2. The details of the first truss must be completed according to pre-prepared drawings. It is a collection of a minimum set of basic parts that ensure structural rigidity.
3. Assemble the first truss and install additional fasteners.
4. The production of subsequent trusses is carried out using the first one as a template, the parts are made on site. For accuracy and full compliance, the parts of each subsequent truss must be secured to the template with clamps. When ready, the farm is removed to the side.

   
   All roof trusses are made according to a single template, which is the first assembled structure

5. Then the trusses are lifted up one by one and installed in their place.
6. The outer gable trusses are installed first, then all subsequent ones. The rafters are positioned in one plane using a construction cord stretched between the gable trusses.

Video: assembling roof trusses “on the ground”

Installation of rafter elements

The rafters, as the main load-bearing element of the roof skeleton, must be securely connected to each other. Many different methods have been invented for this, including specific ones designed for certain types of buildings. The rafter system of a wooden house requires special attention. The beam is attached to the Mauerlat by a sliding device, and the ridge connection is made on a hinge. This is due to constant seasonal movements of the log house, which must be compensated.

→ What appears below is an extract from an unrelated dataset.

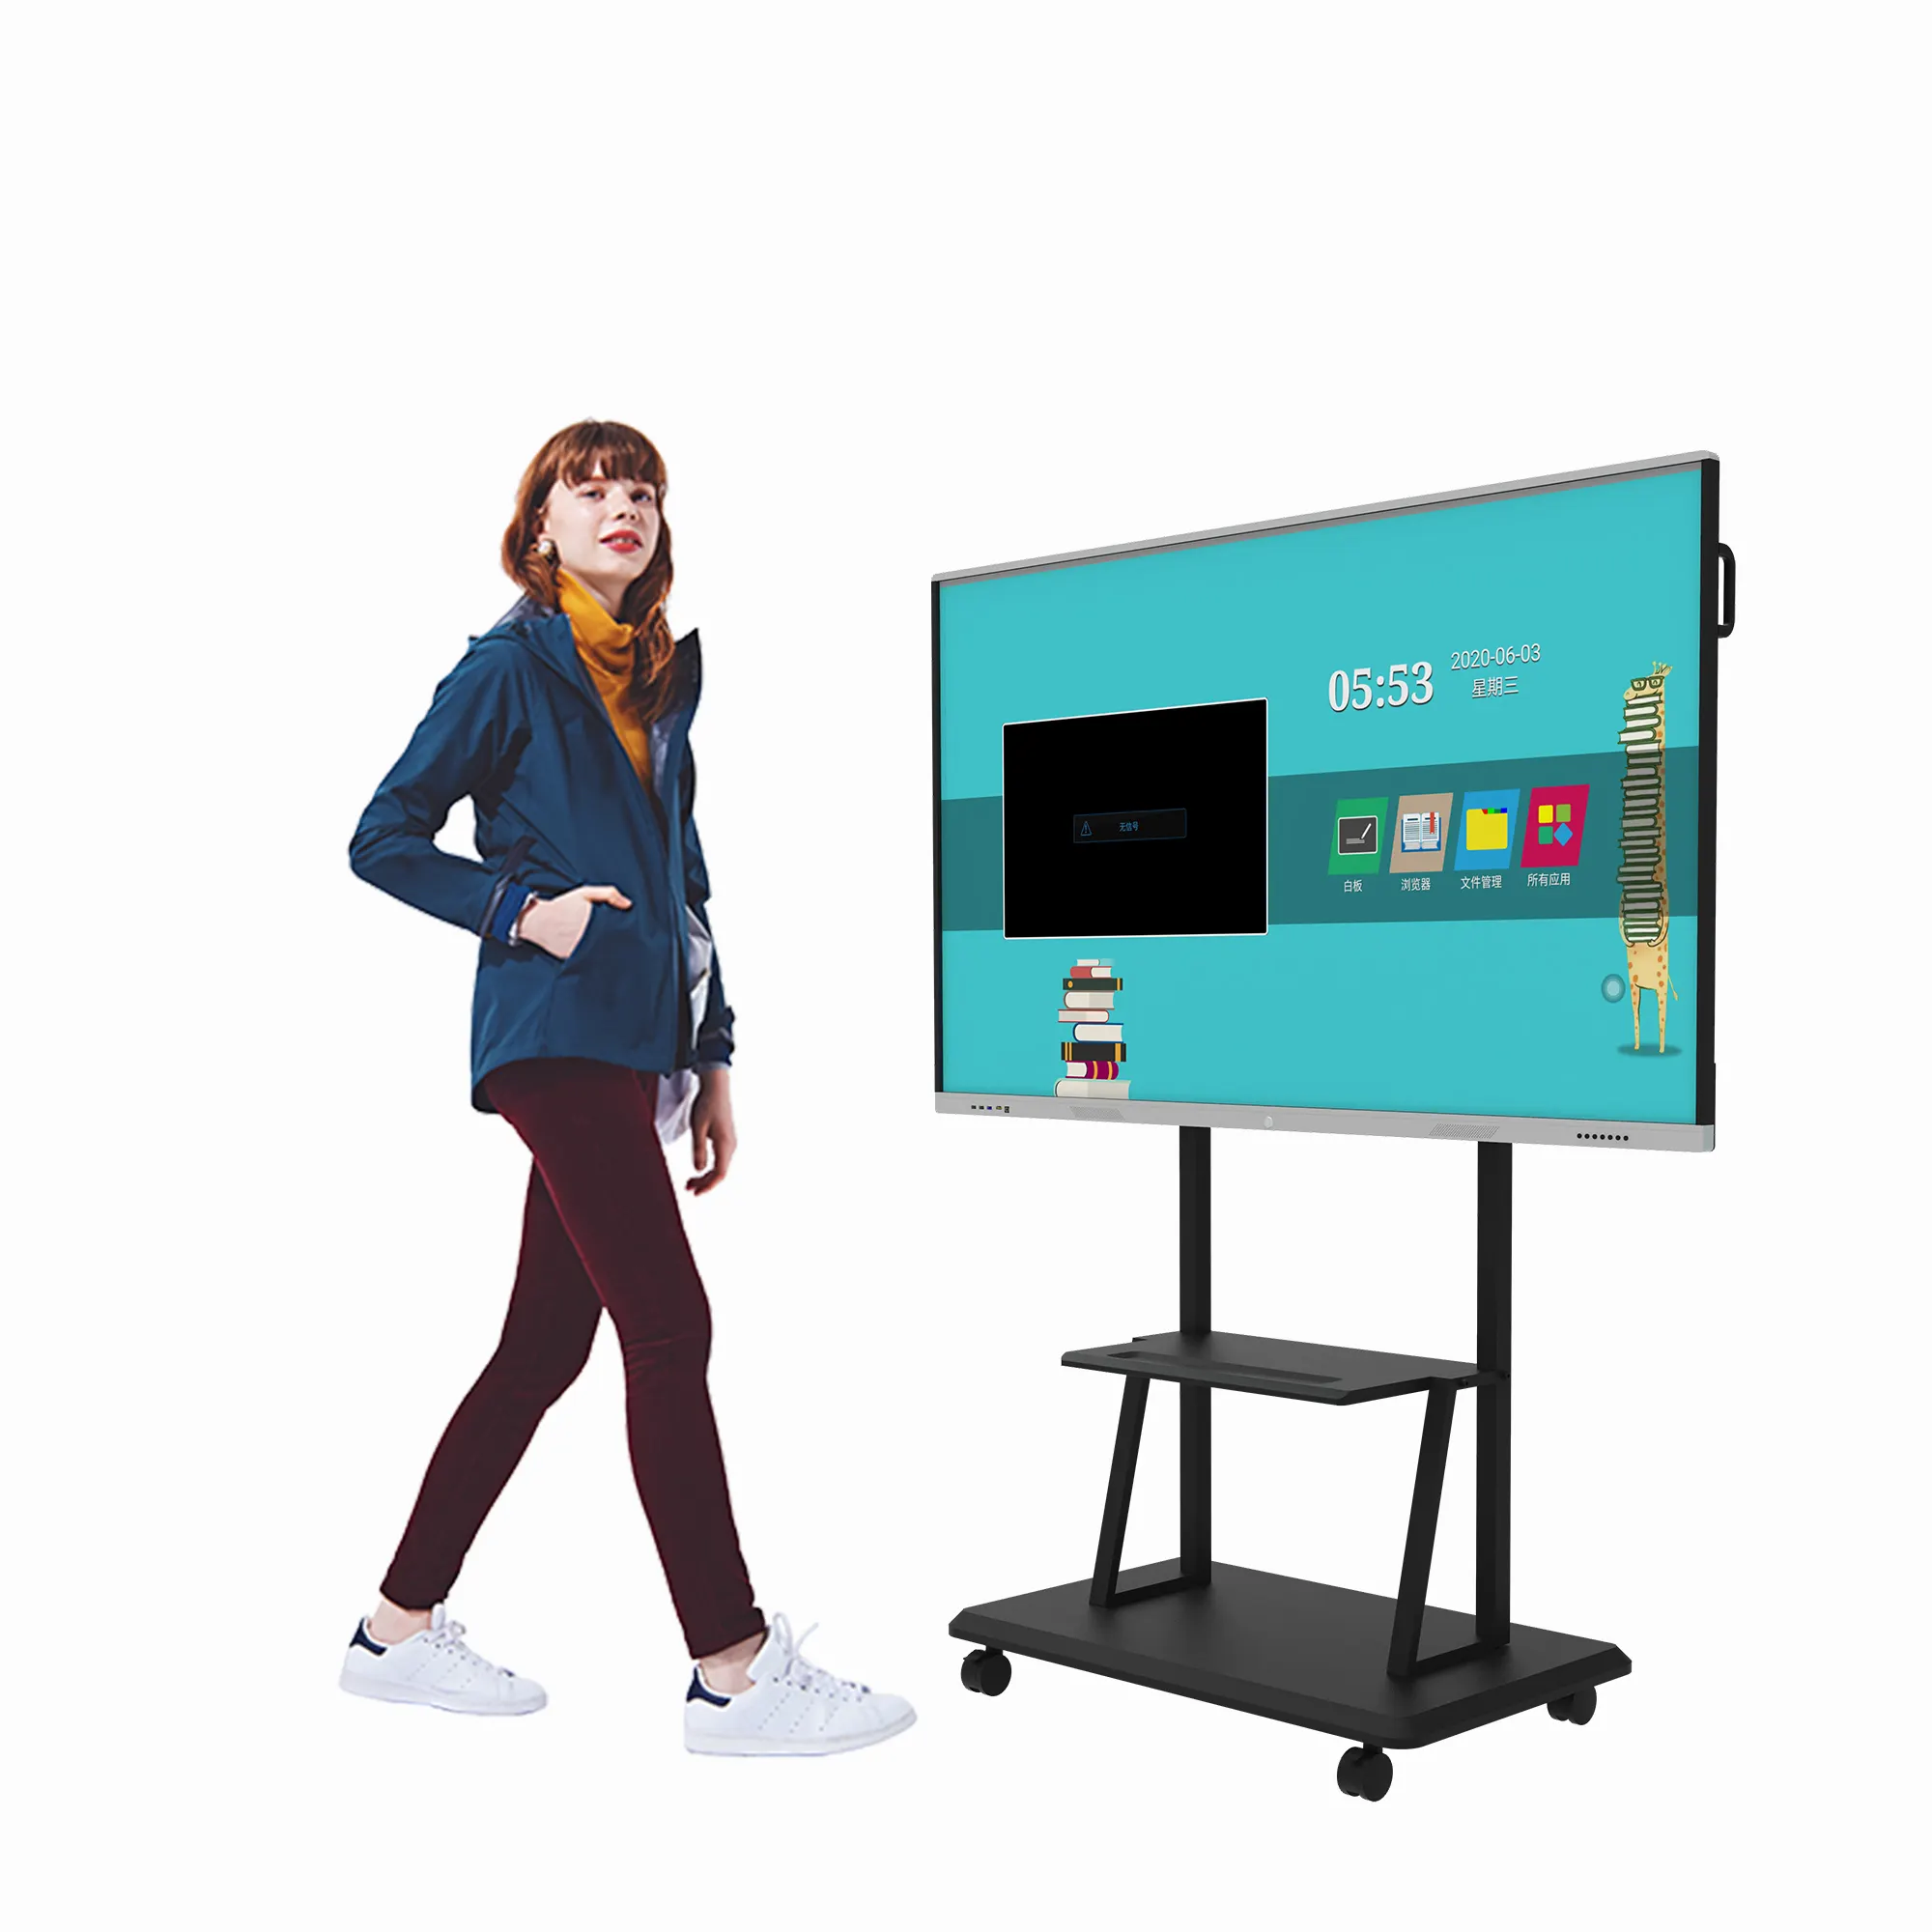 Tela multi-touch de 100 polegadas inteligente, tela lcd para sala de aula eletrônica digital interativa quadro branco

Photo gallery: methods of connecting rafter legs

The rafter legs are attached to the mauerlat using metal corners

The rafters are connected at the ridge end-to-end or through a gash

Critical nodes of the rafters are connected using metal connecting plates

The rafter legs are connected using special hinge joints, ensuring freedom of movement of the structure during seasonal deformations of the building

The joint in the ridge can be reinforced with bolts

Installation of support posts and purlins

This is a responsible operation, because at this stage the surface of the front finishing of the walls and ceiling of the attic is formed. Therefore, the execution procedure is the same as when installing rafters:

1. The racks are installed first on the gables with the lower part resting on the mauerlat. They form the outline of the attic room. The racks are cut from timber: in the lower part at a right angle, in the upper part - at the angle of inclination of the rafter leg. The stand is installed inside the rafter leg and attached with metal plates to the rafters and the mauerlat. They are fastened with self-tapping screws 45–50 millimeters long.

   
   The racks are attached to the purlins and the Mauerlat using metal corners

2. The bed is laid on top of the transfers.
3. The cords are stretched along the entire length of the attic room. On four installed racks, nails are driven into the ribs and two cords are pulled between them.
4. Intermediate posts are cut from timber at the installation site so that their ribs are located along the cord. The racks are fastened using plates in the upper part and corners in the lower part. For each post you will need two plates at the top and two corners at the bottom.
5. The racks are installed under each rafter with an emphasis at the bottom on the support. The upper part of the post is attached to the tie rods.
6. Then purlins are installed with fastening to the rafters. They need to be brought inside the triangle formed by the ties and the rafter legs and secured to the rafter legs with nails 125–150 millimeters long at four points at each intersection.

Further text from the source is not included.